Domain adaptation (DA) is transfer learning which aims to leverage labeled data in a related source domain to achieve informed knowledge transfer and help the classification of unlabeled data in a target domain. Adaptation
Machine learning vs Transfer learning
Notation Table
Symbol | Notation | Defintion |
---|---|---|
$\mathcal{D}$ | Domain | $$\mathcal{D}=\{\mathcal{X}, \mathcal{P}(x)\}$$ |
$\mathcal{X}$ | Feature space | $$\mathcal{X}=\{x_1, x2, ..., x_N\}$$ |
$\mathcal{P}$ | Marginal Probability | Probability of any single event occurring unconditioned on any other events.
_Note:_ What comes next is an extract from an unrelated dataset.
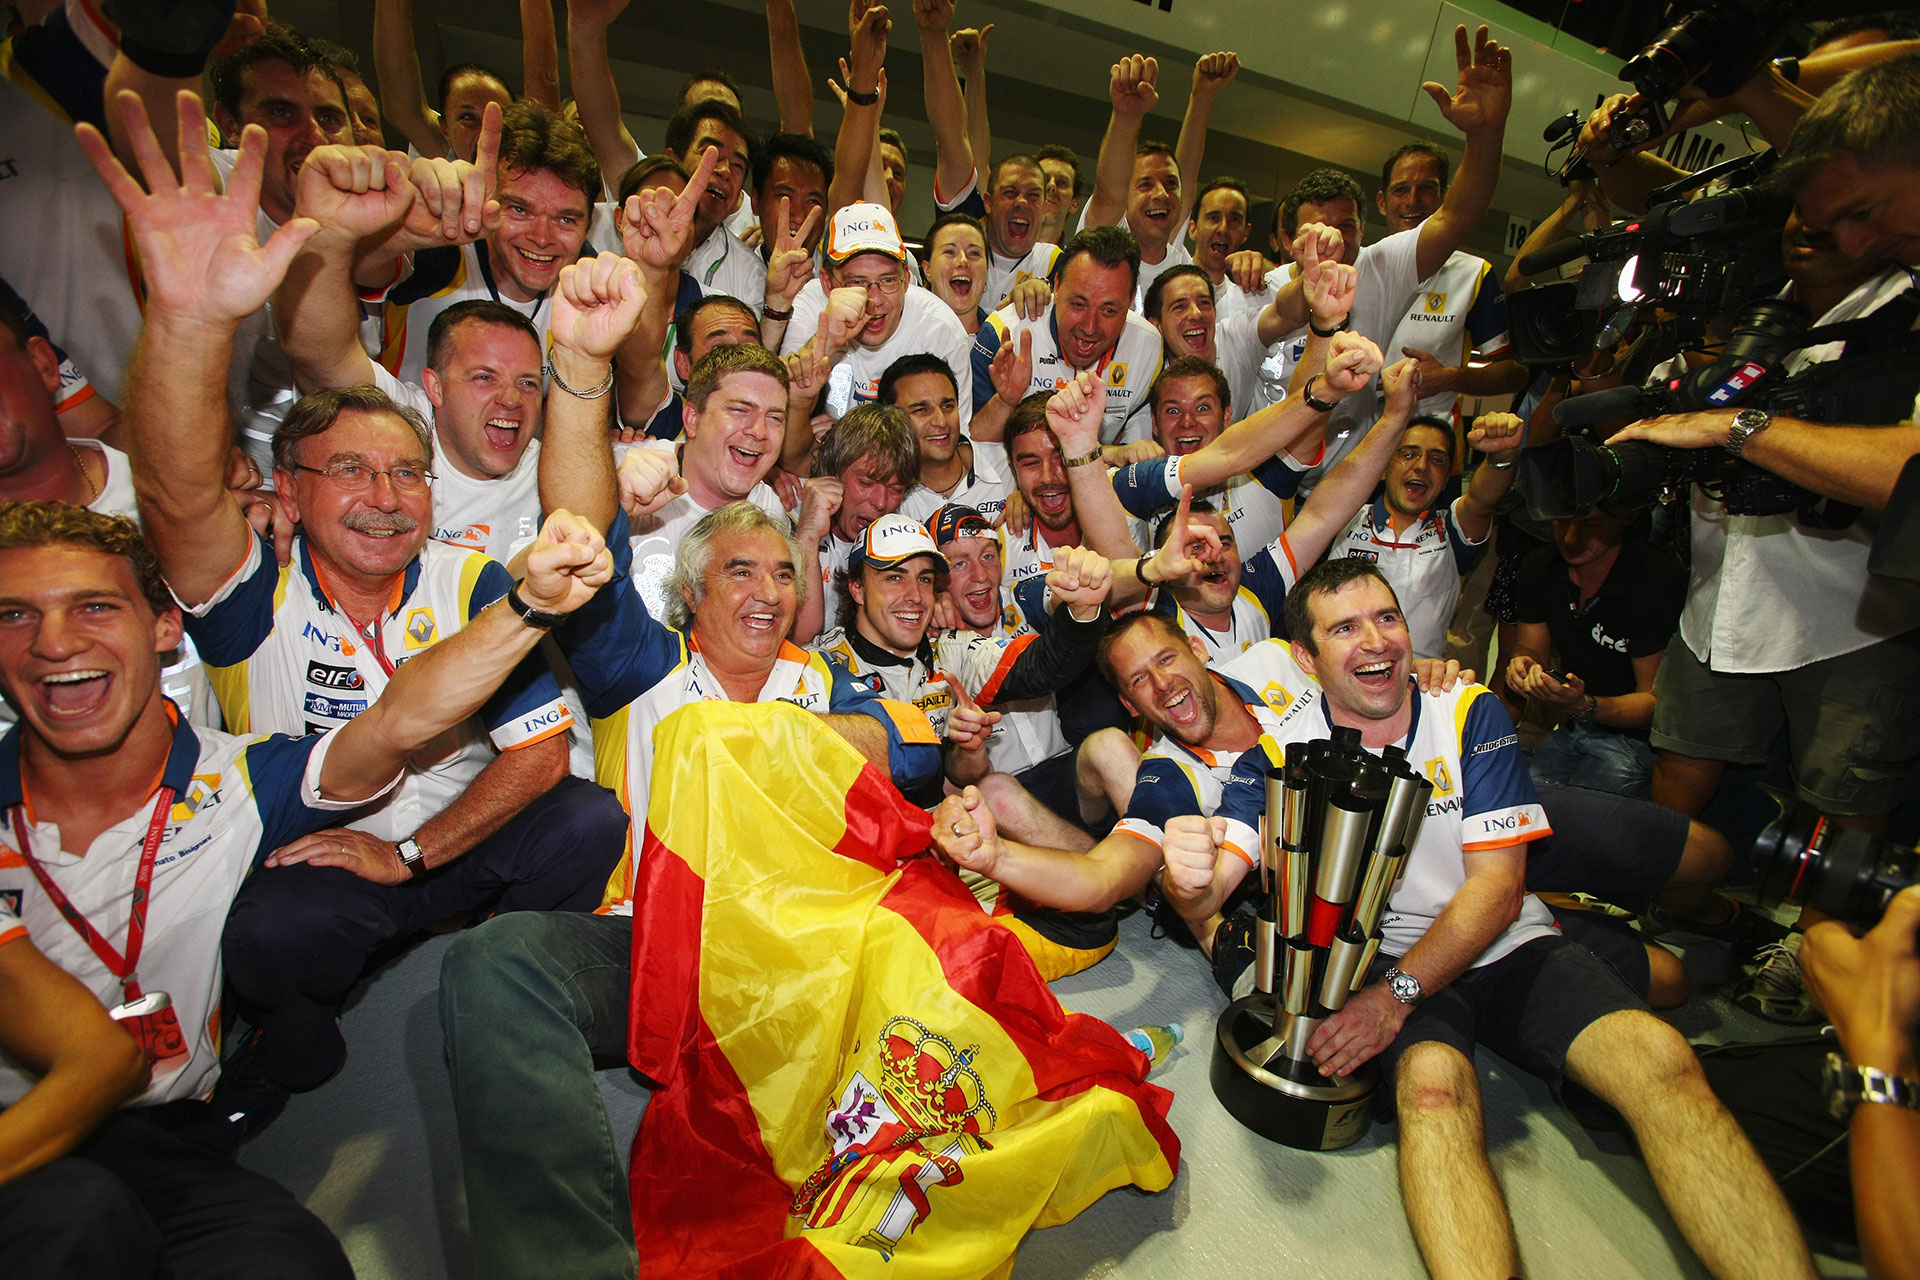 El festejo de Renault tras el triunfo de Alonso. Detrás suyo, a su izquierda, sonríe Nelsinho Piquet (Getty)

Whenever someone asks you whether the weather is going to be rainy or sunny today, you are computing a marginal probability. |
$T$ | Task | $$T=\{\mathcal{Y}, f(x)\}$$ |
$\mathcal{Y}$ | Label | Label Set |
$f(x)$ | Conditional probability function for input x | $$f(x)=\mathcal{Q}(y|x)$$ |
$\mathcal{S}$ | Source | $$S=\{x_i,y_i\}$$ |
Problem Statement
Given with $\mathcal{D}_\mathcal{S}$, where S has label information, how to infer another domain $\mathcal{D}_\mathcal{T}$'s label set, i.e. $\mathcal{Y_T}$? Suppose that :
P1: Find a new latent feature space, where the distance of $\mathcal{P}(\mathcal{X_S})$ and $ \mathcal{P}(\mathcal{X_T})$ is minimized;
P2: Infer $\mathcal{Q}(\mathcal{Y_T|X_T})$ by prior information in $\mathcal{Q}(\mathcal{Y_S|X_S})$ in sprit of semi-supervised paradigm.
CDDA: Close Yet Discriminative Domain Adaptation
In this work, our main idea is:
        (I) First, to follow P1 and P2, we explicitely minimize the discrepancy between the source and target domain, measured in terms of both marginal and conditional probability distribution via Maximum Mean Discrepancy is minimized so as to attract two domains close to each other.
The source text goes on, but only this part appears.